Which lines below hold the word "white"? Report each one.

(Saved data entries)
╭──
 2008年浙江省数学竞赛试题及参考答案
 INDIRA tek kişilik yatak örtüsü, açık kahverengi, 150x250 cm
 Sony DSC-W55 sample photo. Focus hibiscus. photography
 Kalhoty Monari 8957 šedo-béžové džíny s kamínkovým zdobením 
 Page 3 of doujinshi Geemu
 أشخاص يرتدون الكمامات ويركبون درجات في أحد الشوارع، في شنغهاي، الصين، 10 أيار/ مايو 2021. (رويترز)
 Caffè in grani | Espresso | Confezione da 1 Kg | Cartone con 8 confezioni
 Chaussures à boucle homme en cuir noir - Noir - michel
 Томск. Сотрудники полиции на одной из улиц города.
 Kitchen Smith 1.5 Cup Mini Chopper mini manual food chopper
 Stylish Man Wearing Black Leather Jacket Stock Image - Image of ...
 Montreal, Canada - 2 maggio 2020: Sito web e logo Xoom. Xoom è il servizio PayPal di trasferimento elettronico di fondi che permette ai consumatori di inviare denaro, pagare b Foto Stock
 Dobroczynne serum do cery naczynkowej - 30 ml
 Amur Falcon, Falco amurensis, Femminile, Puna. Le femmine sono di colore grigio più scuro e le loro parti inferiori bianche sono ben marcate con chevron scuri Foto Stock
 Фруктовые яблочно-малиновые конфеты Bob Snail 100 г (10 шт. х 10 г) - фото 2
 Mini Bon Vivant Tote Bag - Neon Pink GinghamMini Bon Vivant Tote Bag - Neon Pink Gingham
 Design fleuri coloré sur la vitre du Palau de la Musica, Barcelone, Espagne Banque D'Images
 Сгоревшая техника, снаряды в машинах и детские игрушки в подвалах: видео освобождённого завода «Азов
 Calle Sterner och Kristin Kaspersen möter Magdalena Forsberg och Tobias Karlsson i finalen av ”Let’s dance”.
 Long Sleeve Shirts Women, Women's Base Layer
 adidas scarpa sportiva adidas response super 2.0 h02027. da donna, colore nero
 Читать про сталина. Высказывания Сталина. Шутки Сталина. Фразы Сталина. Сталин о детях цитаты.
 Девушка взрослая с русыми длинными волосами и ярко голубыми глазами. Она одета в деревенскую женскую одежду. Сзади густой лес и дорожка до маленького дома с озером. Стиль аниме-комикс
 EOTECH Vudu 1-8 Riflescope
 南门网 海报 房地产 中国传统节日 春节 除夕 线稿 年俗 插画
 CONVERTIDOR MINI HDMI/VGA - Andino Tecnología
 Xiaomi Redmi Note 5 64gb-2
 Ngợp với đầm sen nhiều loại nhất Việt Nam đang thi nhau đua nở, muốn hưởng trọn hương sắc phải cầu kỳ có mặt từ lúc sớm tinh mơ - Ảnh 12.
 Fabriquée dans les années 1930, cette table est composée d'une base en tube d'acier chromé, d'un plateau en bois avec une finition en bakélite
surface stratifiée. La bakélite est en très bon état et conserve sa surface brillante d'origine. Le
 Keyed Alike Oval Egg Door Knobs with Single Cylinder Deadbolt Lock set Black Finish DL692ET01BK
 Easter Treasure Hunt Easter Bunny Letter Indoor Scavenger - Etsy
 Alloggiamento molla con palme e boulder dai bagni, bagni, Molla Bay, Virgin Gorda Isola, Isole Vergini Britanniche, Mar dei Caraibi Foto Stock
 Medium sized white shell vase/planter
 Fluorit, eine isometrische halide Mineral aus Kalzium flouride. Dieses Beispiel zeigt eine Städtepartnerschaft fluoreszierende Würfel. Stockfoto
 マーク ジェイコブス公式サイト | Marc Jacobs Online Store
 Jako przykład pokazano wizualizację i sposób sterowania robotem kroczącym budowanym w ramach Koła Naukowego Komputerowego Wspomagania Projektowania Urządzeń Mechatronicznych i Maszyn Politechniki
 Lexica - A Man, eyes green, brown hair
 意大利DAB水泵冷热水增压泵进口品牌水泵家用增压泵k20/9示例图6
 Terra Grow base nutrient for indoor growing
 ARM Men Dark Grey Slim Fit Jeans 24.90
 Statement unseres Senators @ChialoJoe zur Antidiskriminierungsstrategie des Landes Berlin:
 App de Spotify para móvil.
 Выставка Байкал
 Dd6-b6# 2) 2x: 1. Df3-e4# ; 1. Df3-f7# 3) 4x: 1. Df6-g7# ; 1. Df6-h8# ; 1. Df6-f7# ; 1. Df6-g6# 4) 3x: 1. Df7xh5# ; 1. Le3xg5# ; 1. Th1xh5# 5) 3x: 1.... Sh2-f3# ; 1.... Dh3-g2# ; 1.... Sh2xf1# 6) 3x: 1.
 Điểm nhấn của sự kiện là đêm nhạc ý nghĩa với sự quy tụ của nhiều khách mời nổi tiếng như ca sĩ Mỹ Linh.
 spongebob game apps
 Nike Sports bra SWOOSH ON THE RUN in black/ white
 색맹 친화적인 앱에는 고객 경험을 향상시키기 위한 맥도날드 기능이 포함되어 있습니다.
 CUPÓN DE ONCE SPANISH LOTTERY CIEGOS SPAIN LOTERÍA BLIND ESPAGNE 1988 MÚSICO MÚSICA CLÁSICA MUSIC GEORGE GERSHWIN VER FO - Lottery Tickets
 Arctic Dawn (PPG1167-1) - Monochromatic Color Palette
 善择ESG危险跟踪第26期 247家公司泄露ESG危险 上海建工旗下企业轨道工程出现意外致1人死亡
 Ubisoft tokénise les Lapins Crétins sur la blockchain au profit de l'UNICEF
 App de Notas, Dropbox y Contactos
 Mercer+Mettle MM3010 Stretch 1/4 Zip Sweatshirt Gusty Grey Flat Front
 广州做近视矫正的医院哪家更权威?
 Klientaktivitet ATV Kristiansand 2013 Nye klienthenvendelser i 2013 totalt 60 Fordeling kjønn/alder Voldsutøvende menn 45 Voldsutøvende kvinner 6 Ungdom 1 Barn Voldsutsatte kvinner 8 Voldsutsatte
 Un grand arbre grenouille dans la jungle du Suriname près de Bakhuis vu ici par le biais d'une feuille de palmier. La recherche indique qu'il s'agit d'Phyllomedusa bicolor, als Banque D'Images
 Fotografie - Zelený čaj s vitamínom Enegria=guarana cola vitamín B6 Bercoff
╰──
_Solution:_
 Medium sized white shell vase/planter
 Nike Sports bra SWOOSH ON THE RUN in black/ white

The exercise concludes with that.